This article introduces the method of determining the annular compressive strength of paper and cardboard, including the definition of the annular compressive strength and the instrumentation required in the process of determining it. The working principle of the instrument, the calibration requirements, specimen preparation and testing procedures, as well as the calculation methods and precautions for the results are explained in detail. This process provides a scientific basis for the evaluation of material properties.
definition
Ring compressive strength
Annular compressive strength refers to the maximum compressive force that an annular specimen can withstand when compressed at the edges. This strength is expressed in kilonewtons per meter (kN/m) and reflects the compressive performance of paper and cardboard under stressful conditions.

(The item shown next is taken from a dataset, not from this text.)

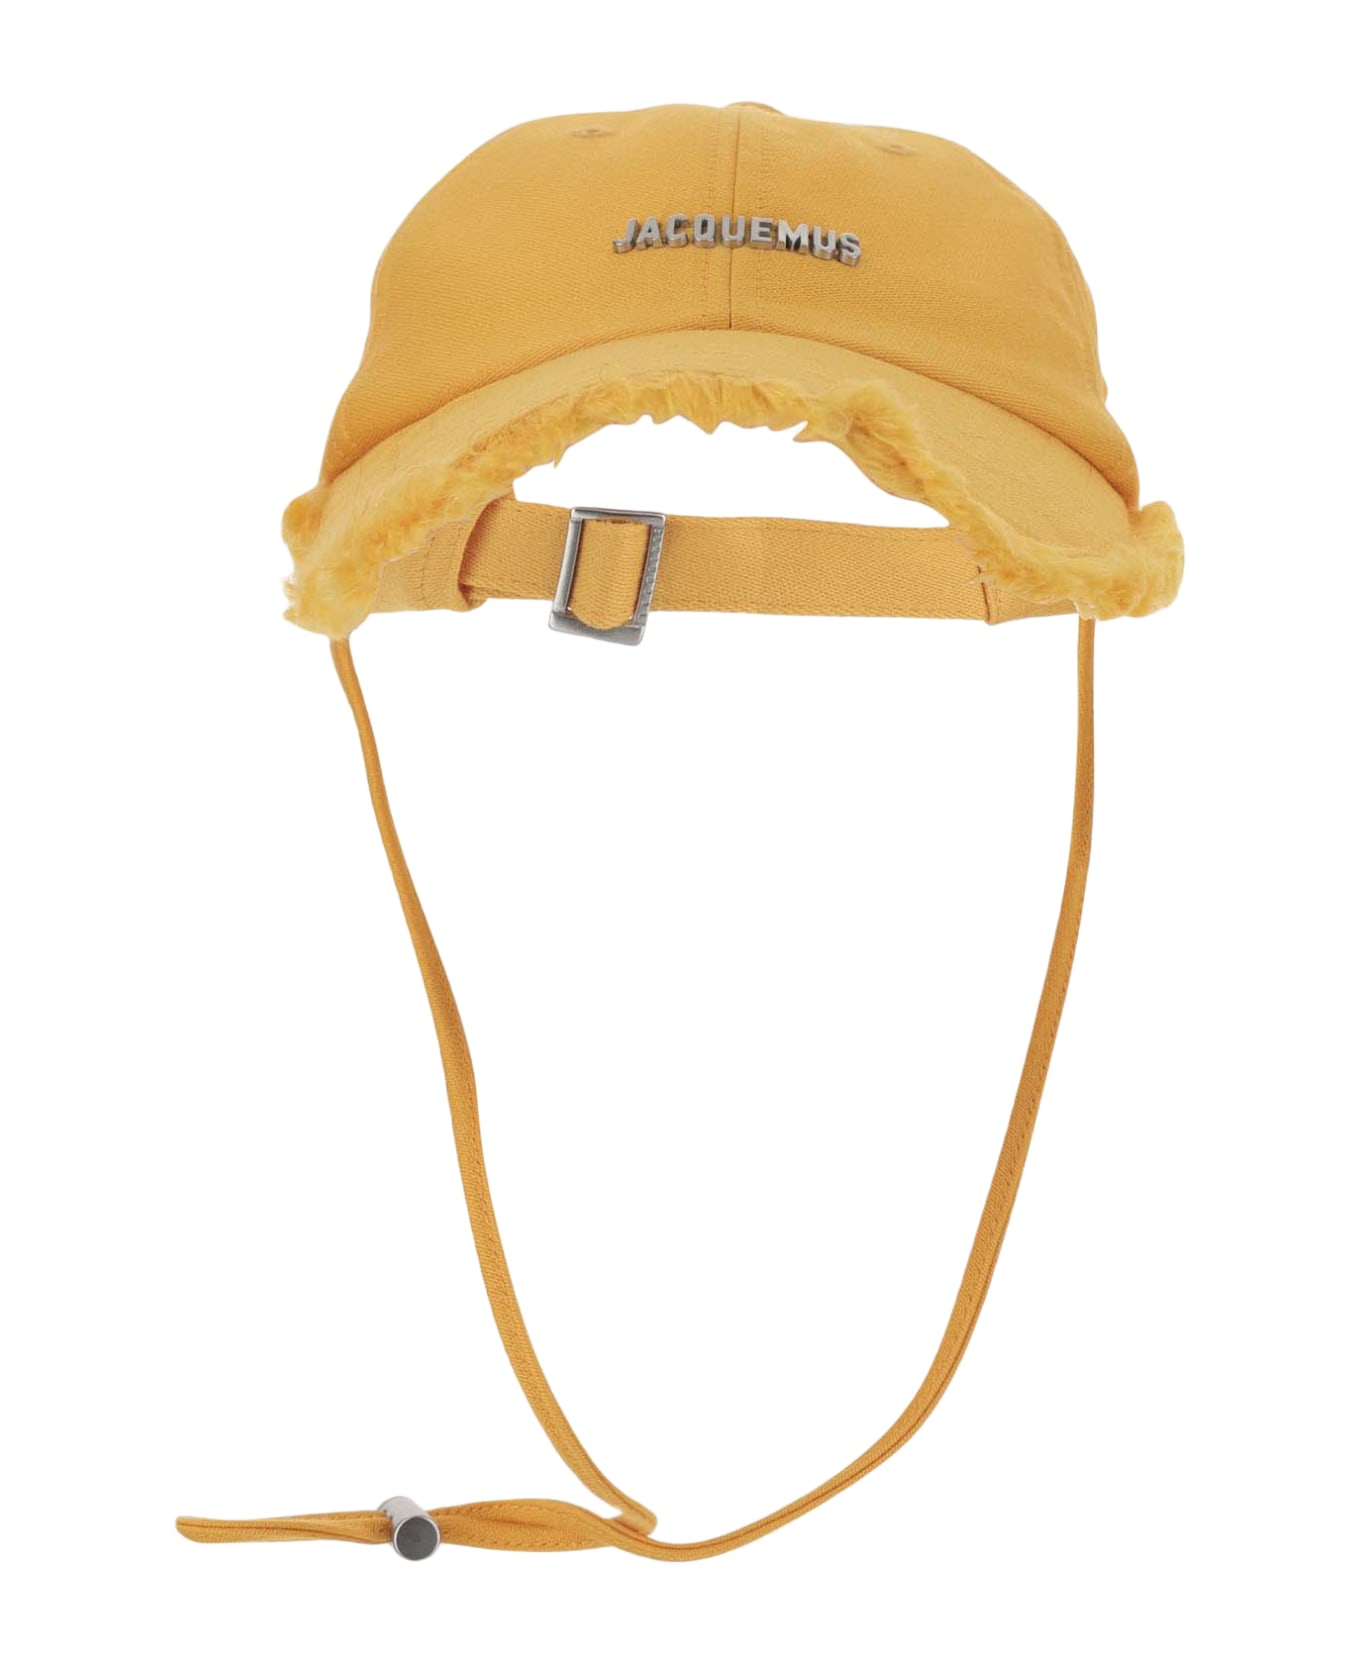 Jacquemus La Casquette Artichaut - Dark orange 帽子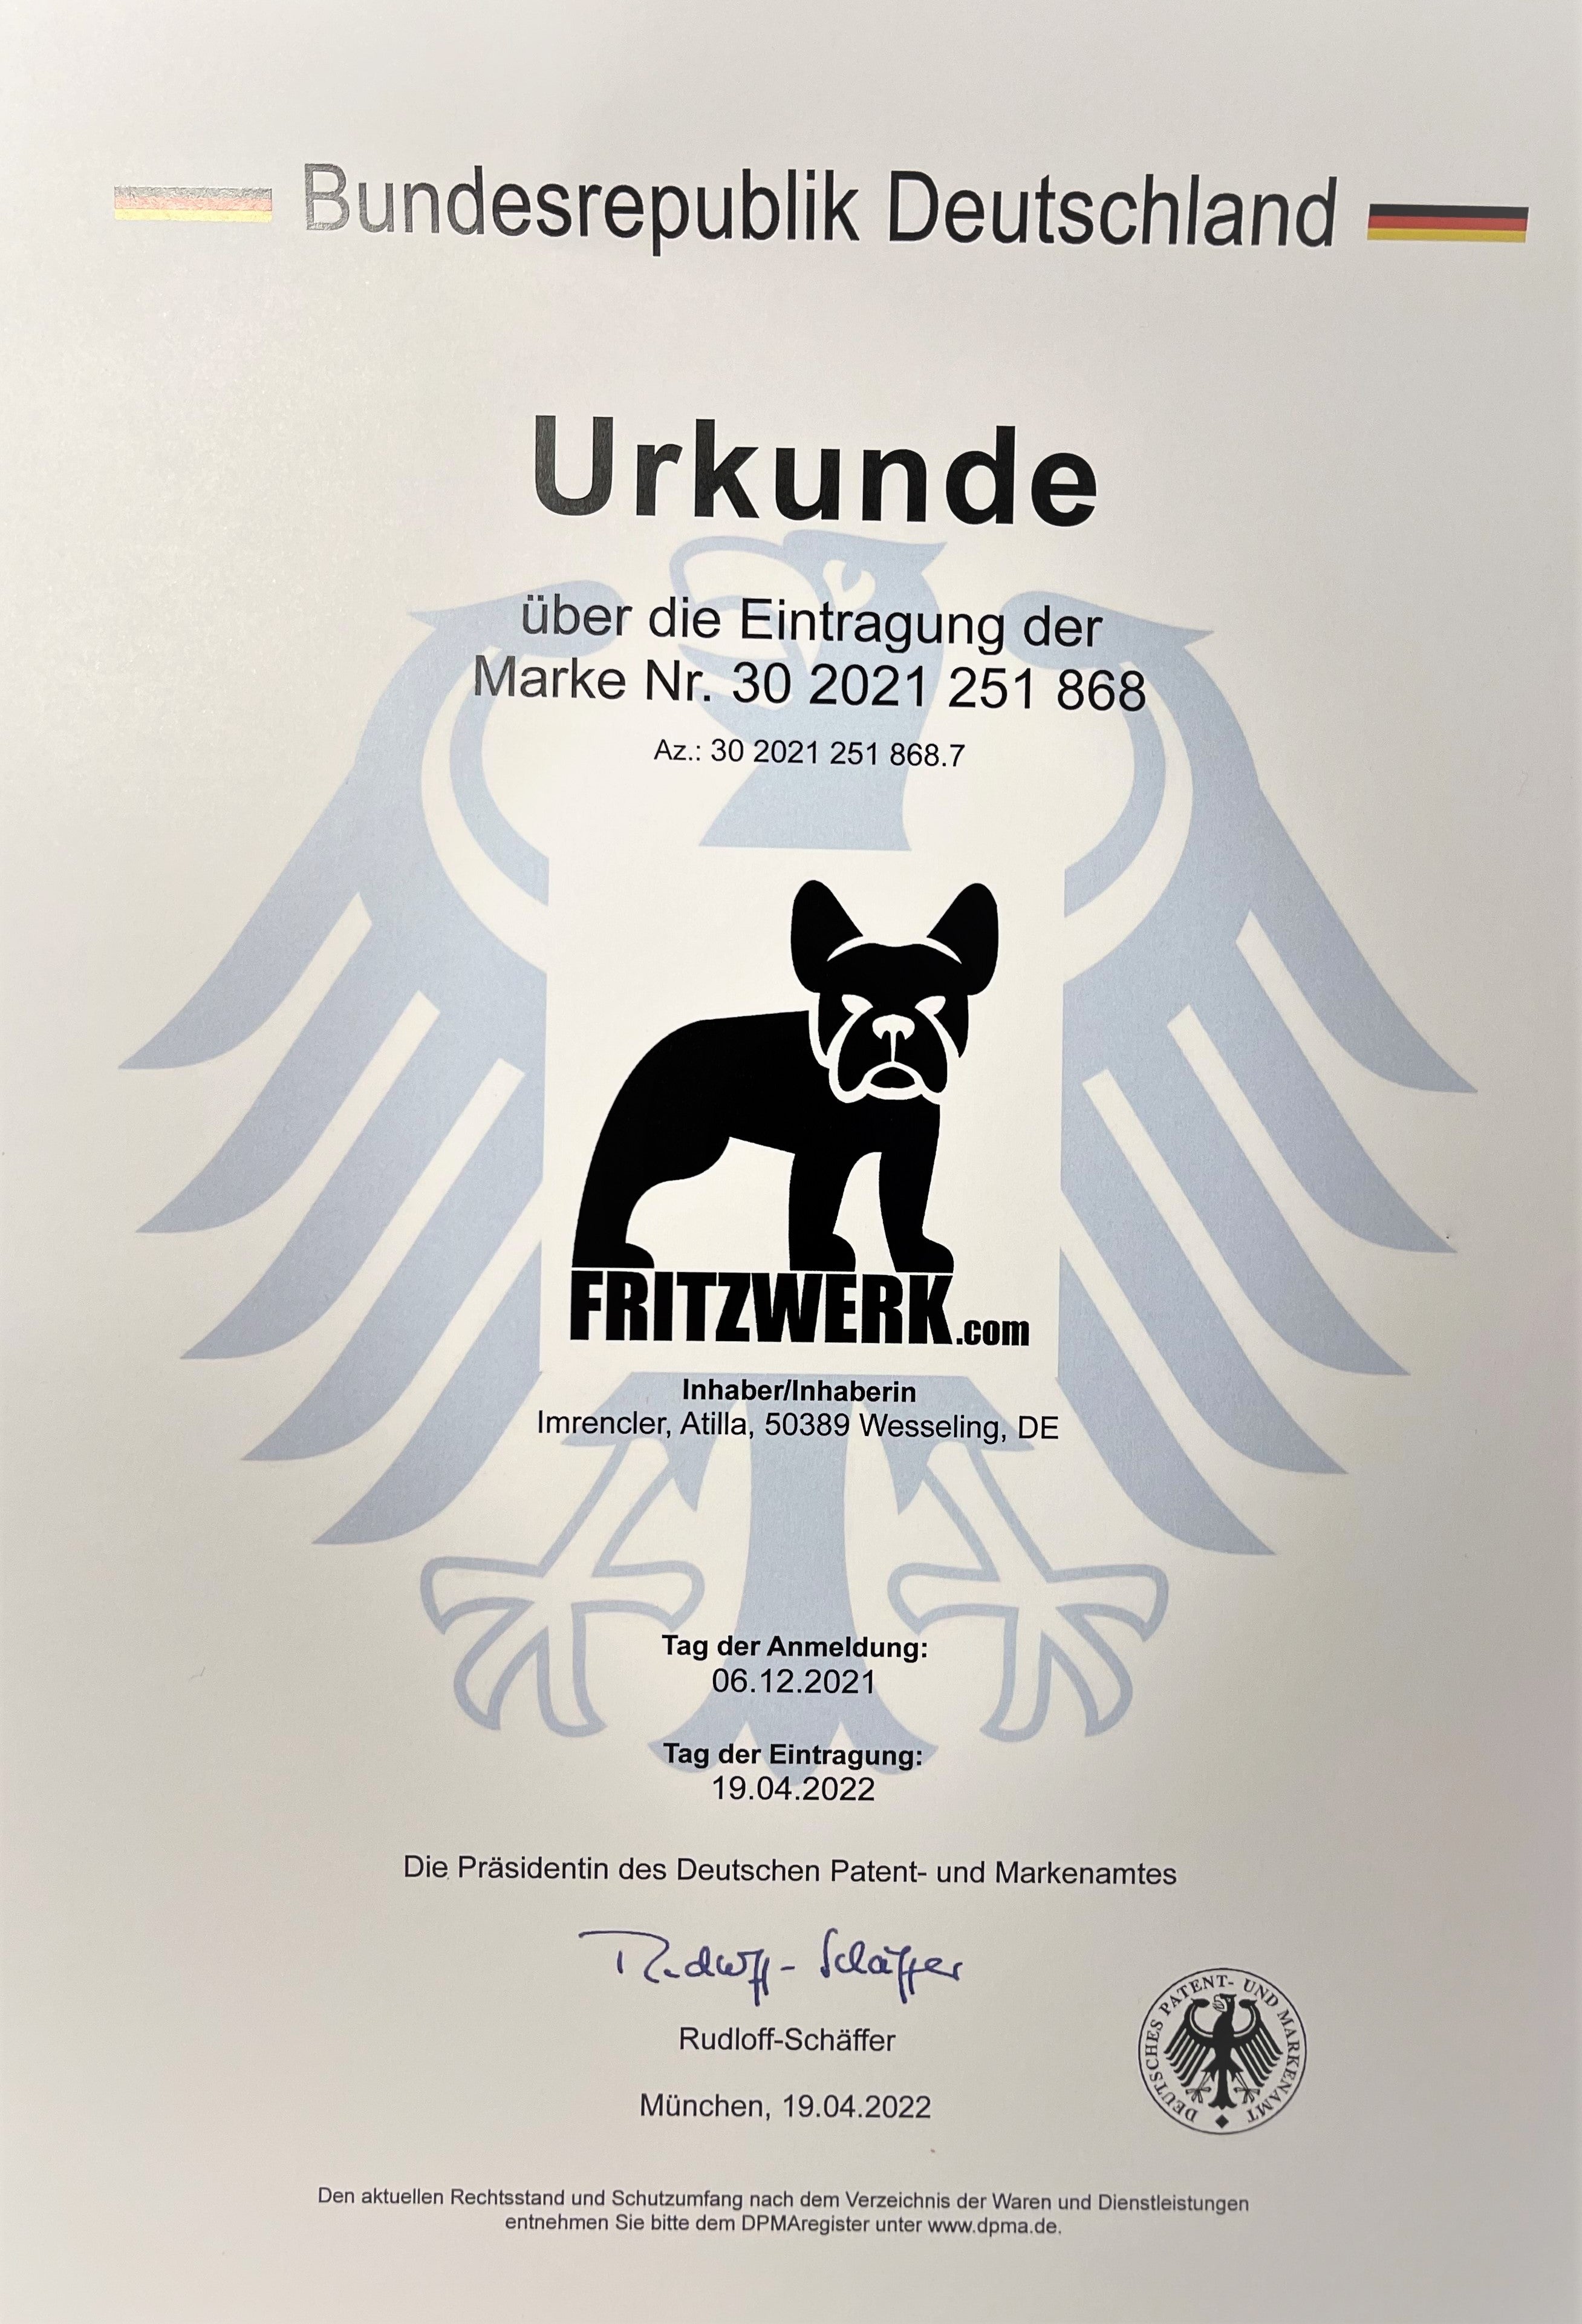 FRITZWERK Slim Fritz - Premium Business Wallet Echtleder dunkel Braun Cardholder Portmonee Geldbörse Kreditkartenetui A++

Ring compressive strength index
The Ring Compressive Strength Index is the average ring compressive strength value divided by the quantification (unit area or unit weight) of the specimen and is expressed in square meters per gram (m²/g). This index is used to evaluate the strength efficiency of different quantities of materials and helps to compare the performance of materials at the same weight.
instrument
Cutting punch knife
The dimensional accuracy requirements are (152.0±0.2) mm in length and (12.7±0.1) mm in width to ensure that the specifications of the cut specimen meet the standard.
Specimen holder
The inner diameter of the specimen seat should be (49.30±0.05) mm and the groove depth should be (6.35±0.25) mm. The bottom of the groove should be parallel to the wall of the groove, and the wall of the groove should be at a right angle to the bottom of the groove to ensure the stability and fixation of the sample.
Compressor
Fixed platen electronic compressor
The running speed is (12.5±2.5) mm/min, the parallelism deviation between the upper and lower pressure plates is not more than 1:2000, and the force measurement accuracy is 1% of the indicated value.
Curved beam compressor
The design principle is based on Hooke's law and the bending deformation theory of the beam, and the upper plate decreases at a rate of (12.5±2.5) mm/min during the test, and the force measurement accuracy is also 1% of the indicated value.
principle
Electronic compressor
The working principle is that the pressure is applied at a specified speed by the lower pressure platen, and the force sensor converts the applied pressure into a voltage signal, which is processed by the circuit and displays the pressure value.
Curved beam compressor
The instrument is based on Hooke's theorem and the theory of bending deformation of beams, the specimen is placed between the upper and lower pressure plates, the pressure on the specimen is determined, and the required compressive force is reflected by the deformation of the spring plate.
Instrument calibration
Parallelism calibration
The distance between the four corners of the upper and lower pressure plates is measured by the inner diameter dial gauge to ensure that the parallelism deviation is not greater than 1:2000 to ensure the accuracy of the test.
Compressor accuracy calibration
Use a pressure calibrator to apply pressure between the upper and lower pressure plates of the compressor, record the indicated values of different test points, and calculate the error to ensure that the calibration error does not exceed ±1%.
Experiment preparation
Sampling is carried out in accordance with the relevant standard methods to ensure the quality and uniformity of the specimens to ensure the reliability of the test results.
Specimens are treated under standard environmental conditions to avoid the effects of temperature and humidity changes on test results.
Specimens are cut with special cutting tools to ensure dimensional accuracy and avoid flashes or other defects during the cutting process.
According to the experimental requirements, longitudinal and transverse specimens are prepared respectively to facilitate the subsequent ring compressive strength test.
Test
Specimen thickness determination
Before testing, select the appropriate inner disc of the specimen holder according to the thickness of the specimen to ensure that the specimen can be placed securely and properly compressed.
Specimen placement
Carefully place the specimen holder in the center of the lower platen, ensuring that the specimen and specimen holder are positioned correctly to avoid errors in the test.
Pressure applied
The instrument is started for testing, the pressure value of the fixed plate electronic compressor is recorded, and the maximum deformation value will be displayed by the bending beam instrument to obtain the ring compressive strength of the specimen.
Repeat the test
To ensure the reliability and accuracy of the data, at least 10 specimens were measured in duplicate in each direction, and sufficient data was collected for statistical analysis.
Result calculation
First, test data is collected in each direction and the average of the longitudinal and transverse forces is calculated, measured in Newtons. This process ensures the representativeness and accuracy of the test results.
According to the force value obtained from the experiment, the ring compressive strength of the specimen is calculated using the corresponding formula to ensure that the calculation process conforms to the standard method to obtain reliable values.
The ring compressive strength index is calculated according to a specific formula, to one decimal place, measured in Newton · meters per gram. This index provides an important basis for evaluating the compressive properties of paper and cardboard.
In conclusion, the determination of ring compressive strength of paper and cardboard is a key part of evaluating the mechanical properties of materials, and through standardized test methods and instruments, it can accurately reflect the compressive capacity of materials in practical applications. Proper instrument use and specimen preparation are the basis for reliable test results, supporting material selection and quality control in industrial applications.